=== TASK INSTRUCTIONS ===
Under this line sits a listing. Repeat exactly and only its lines from the one holding "Primăria Timișoara obligă" through the one holding "Embroidered - Premium set-in sweatshirt"; skip pictures.

=== INPUT DATA ===
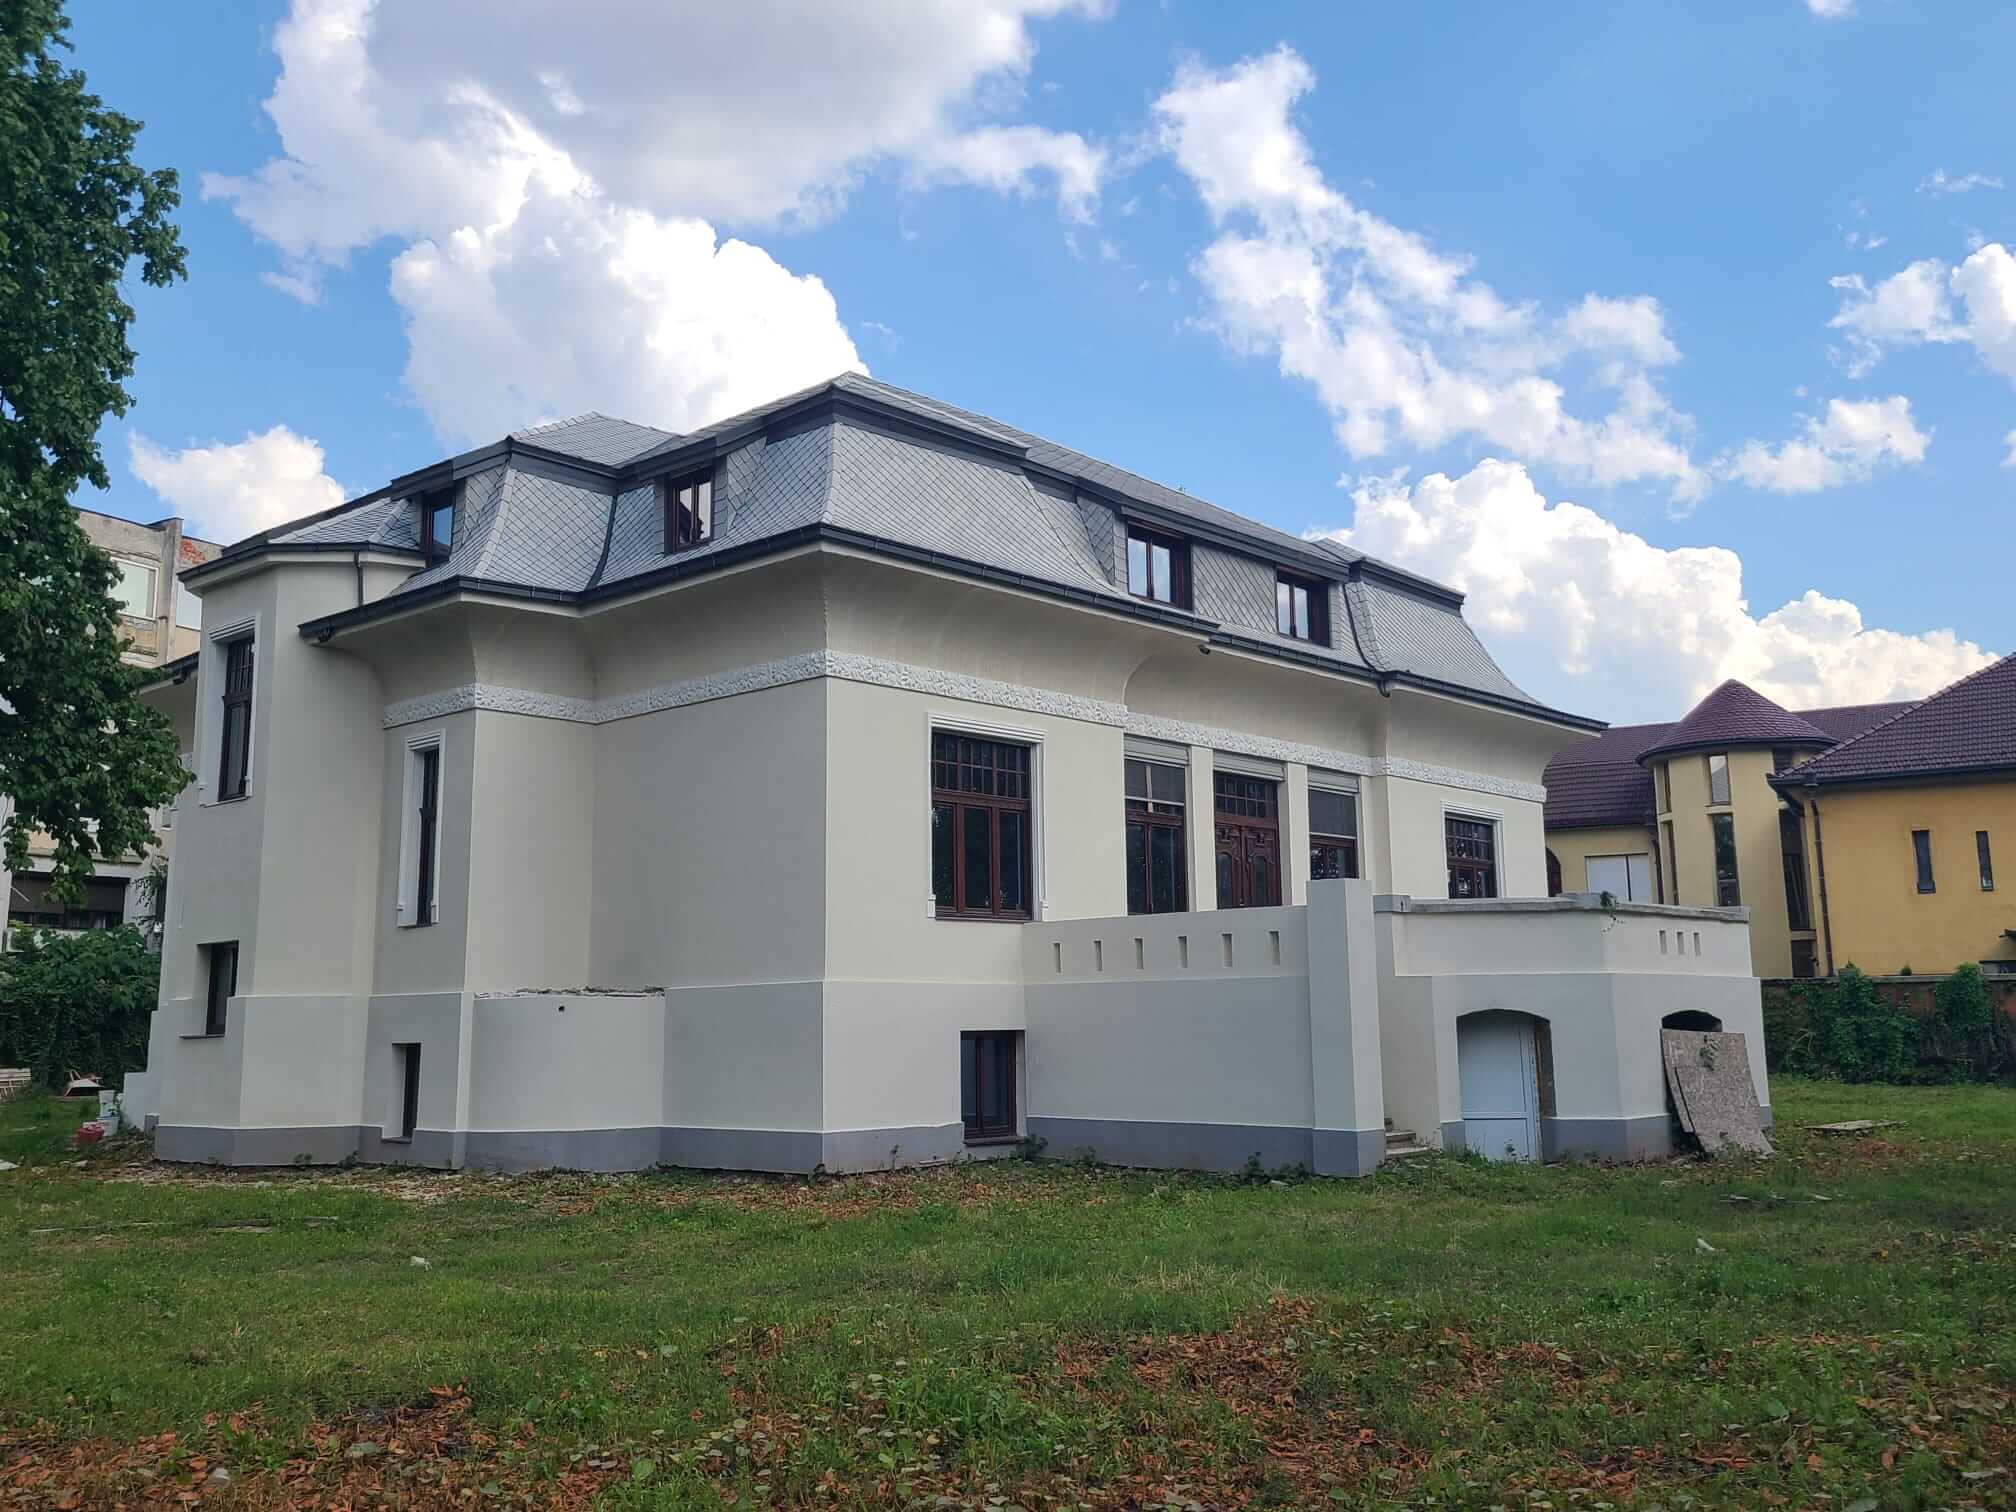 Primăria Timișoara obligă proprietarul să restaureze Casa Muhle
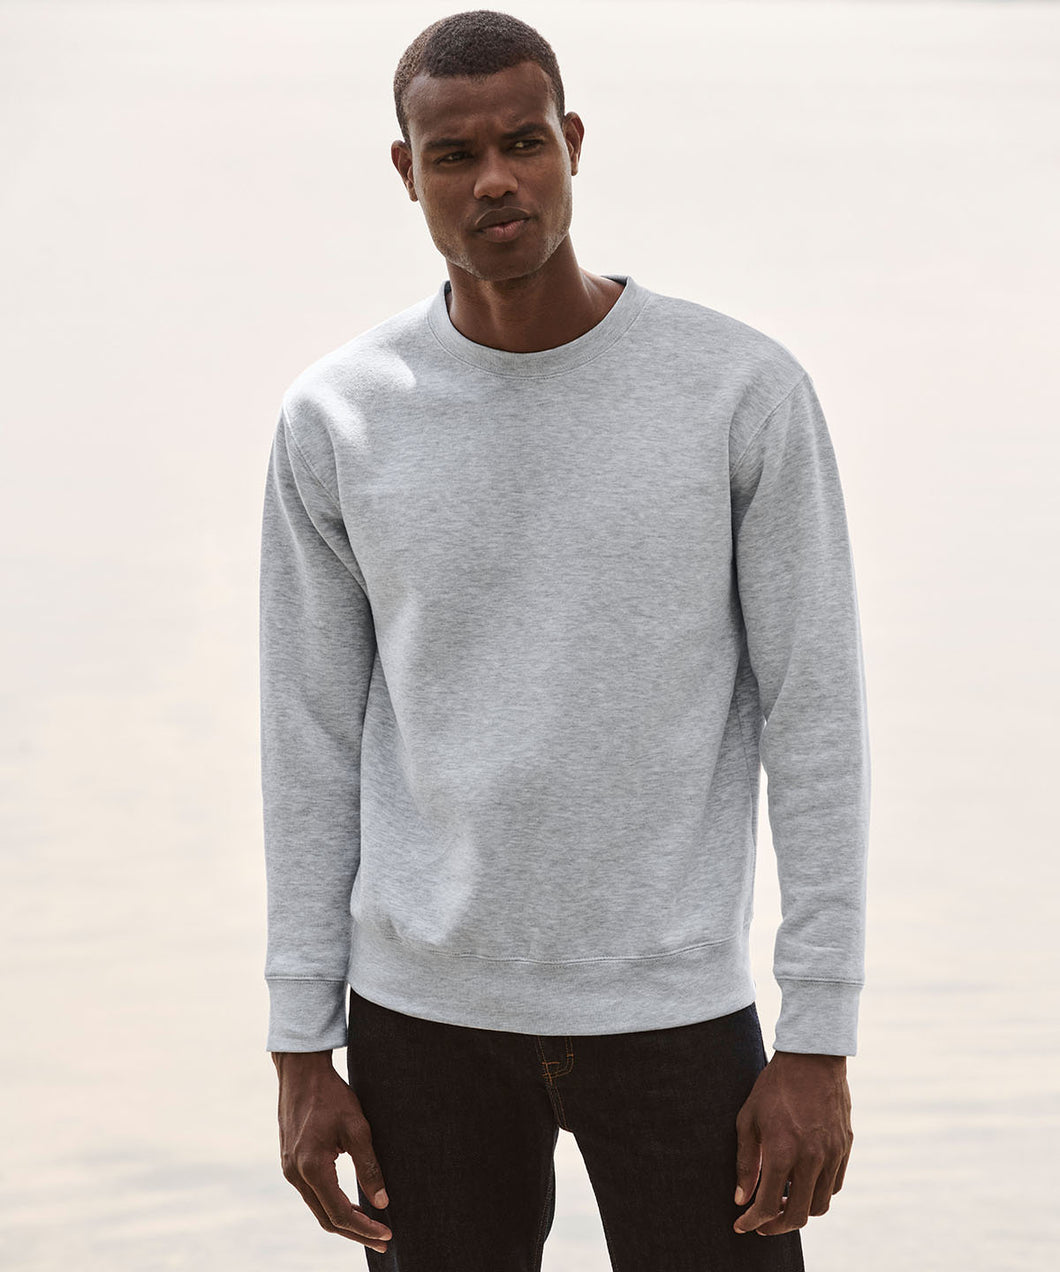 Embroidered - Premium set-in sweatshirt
==
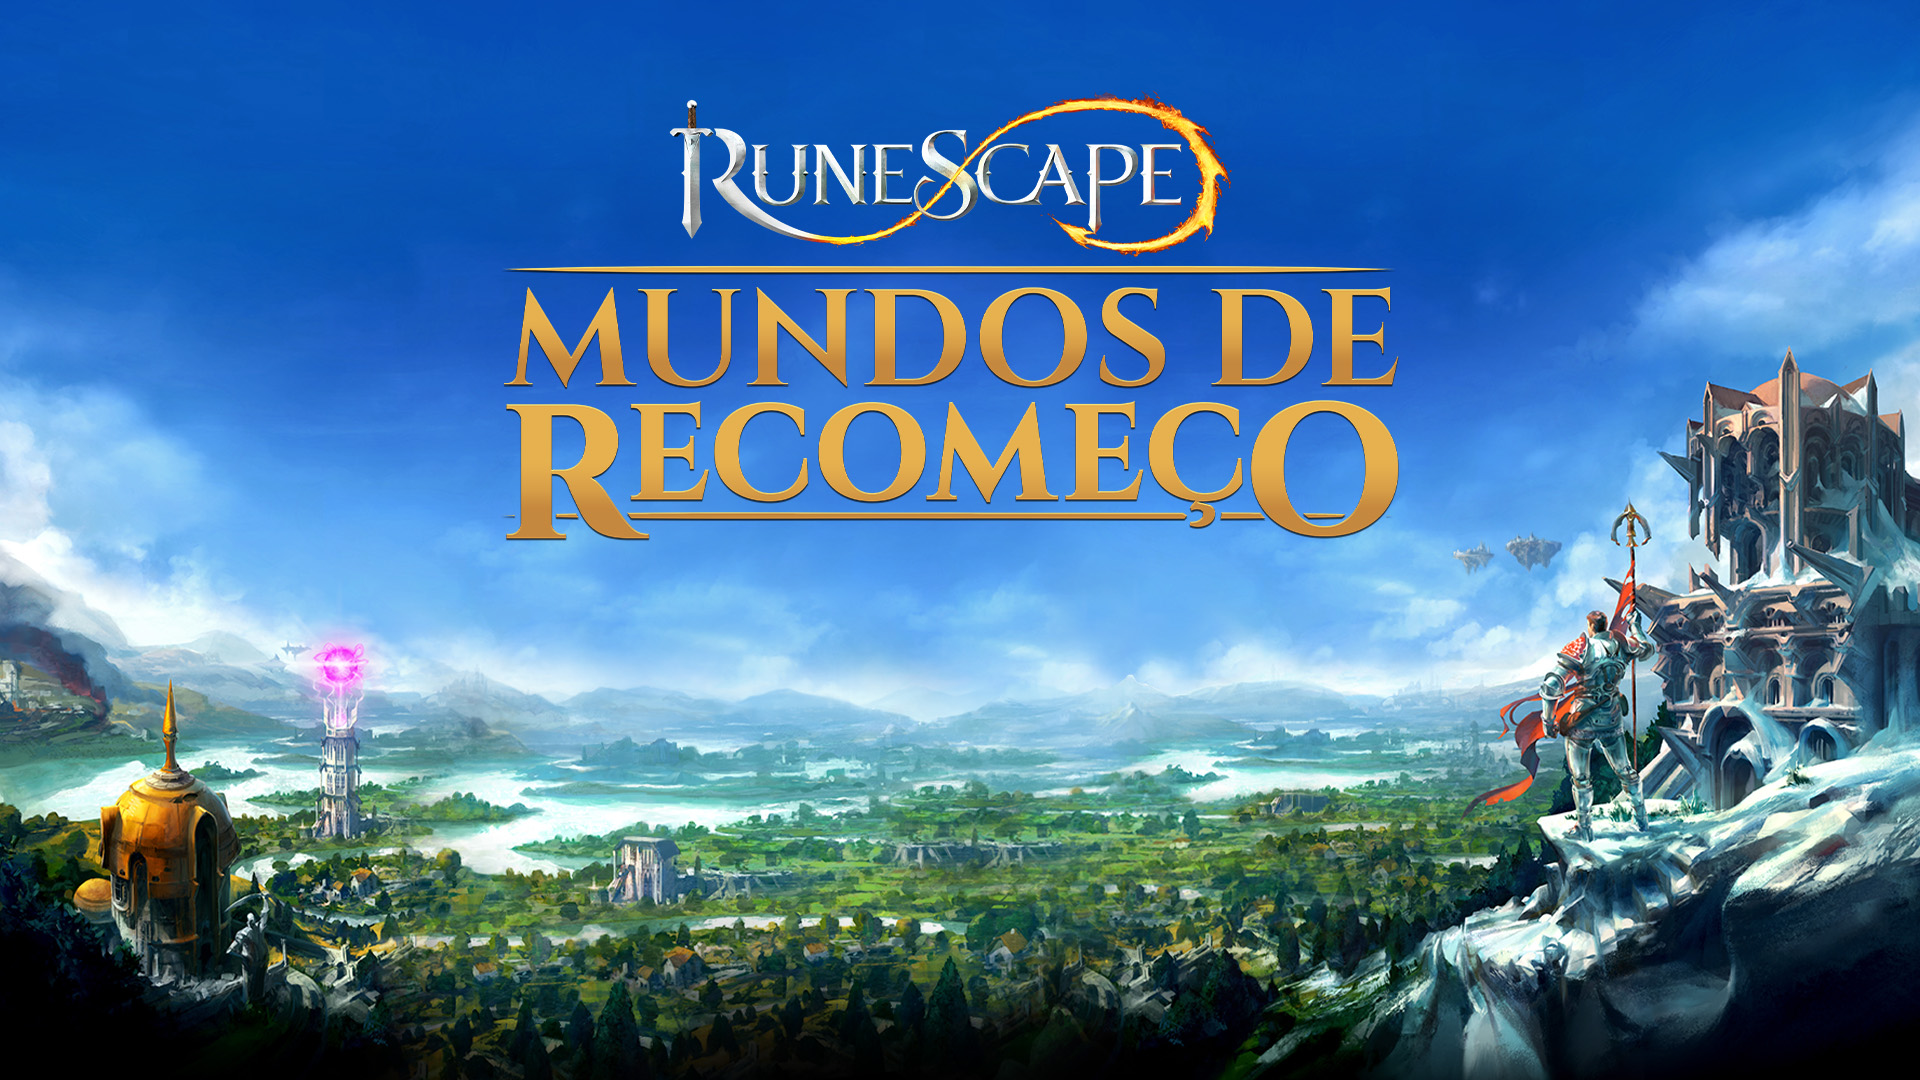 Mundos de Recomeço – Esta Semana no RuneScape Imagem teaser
...
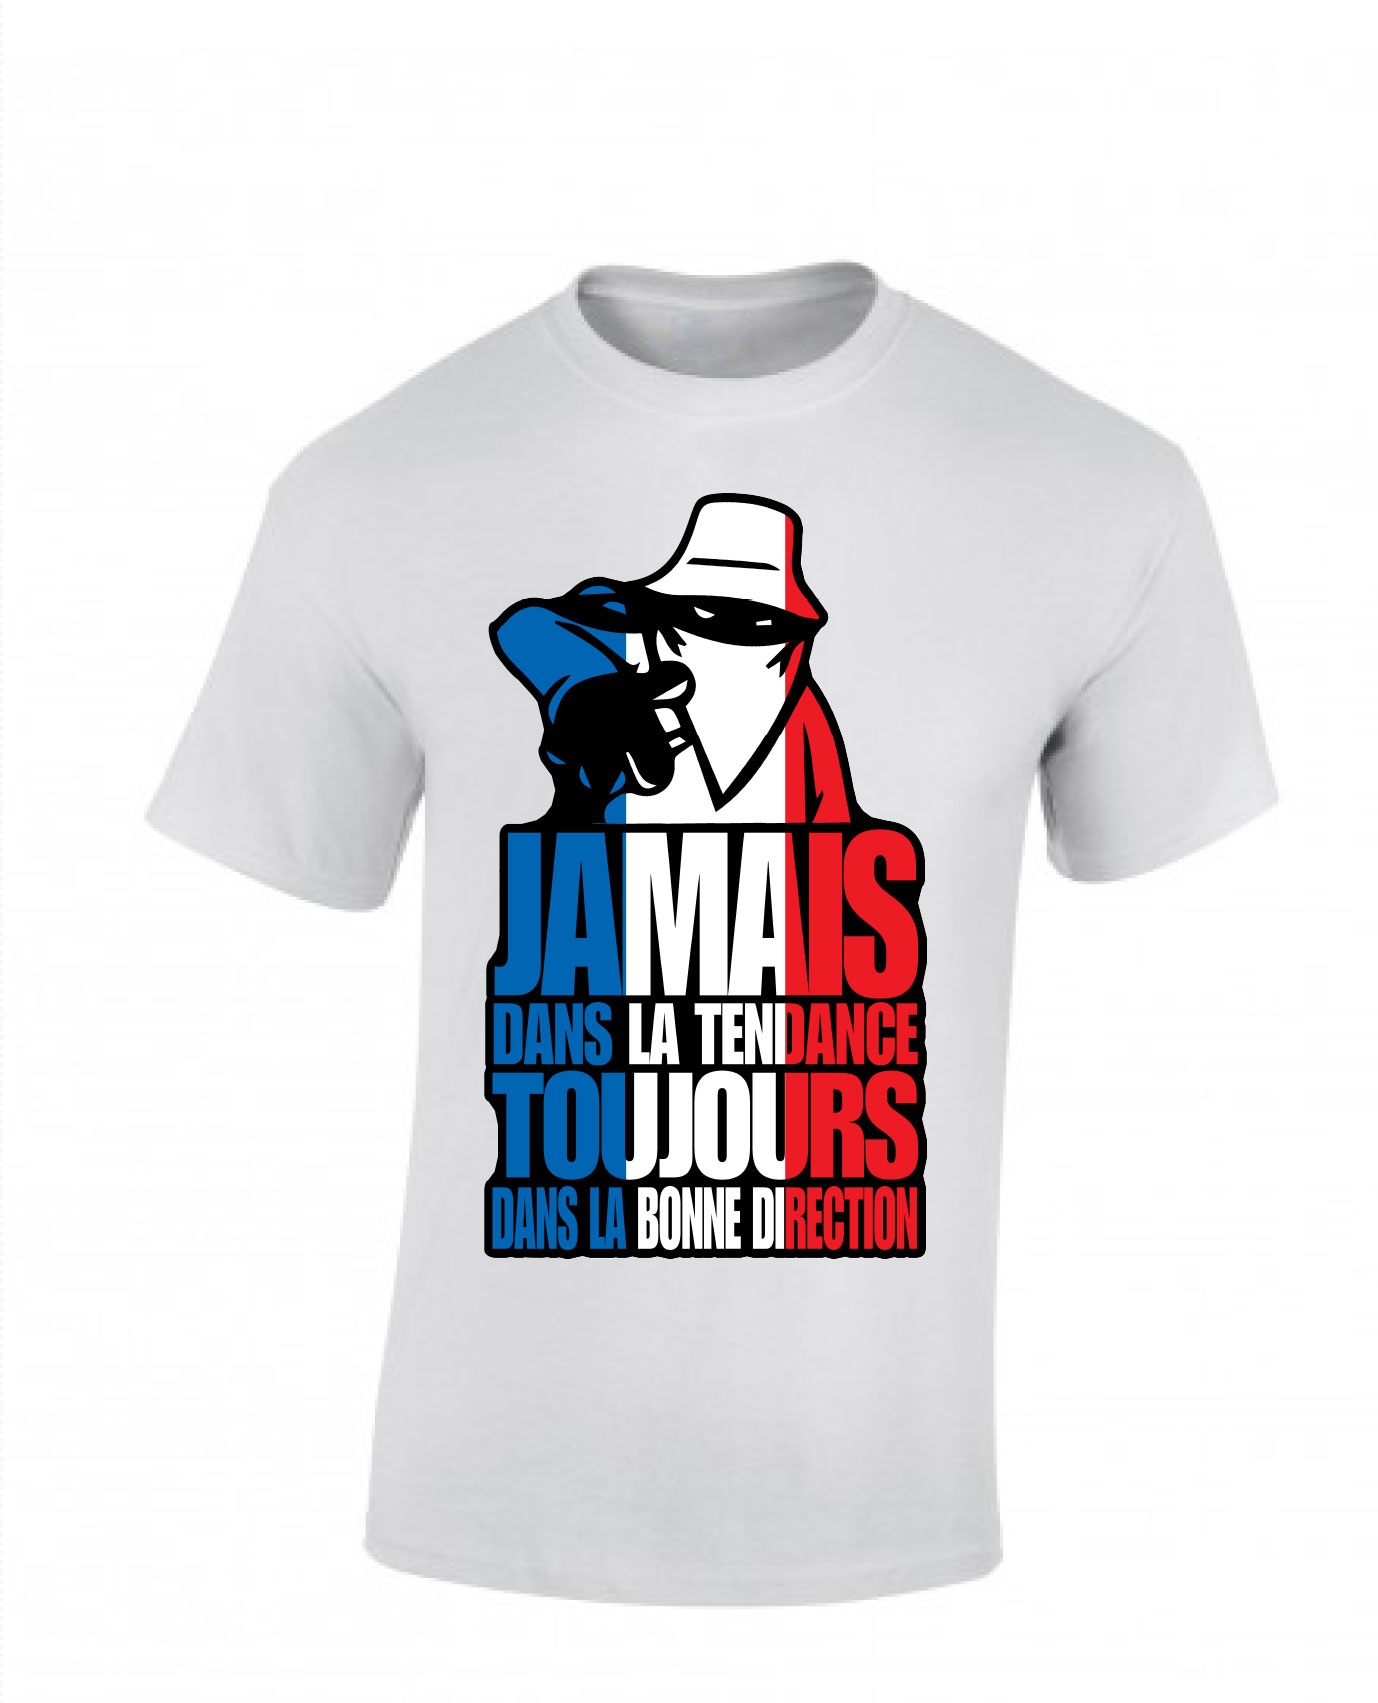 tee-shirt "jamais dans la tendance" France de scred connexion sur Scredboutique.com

=== RESULT BELOW ===
 Primăria Timișoara obligă proprietarul să restaureze Casa Muhle
 Embroidered - Premium set-in sweatshirt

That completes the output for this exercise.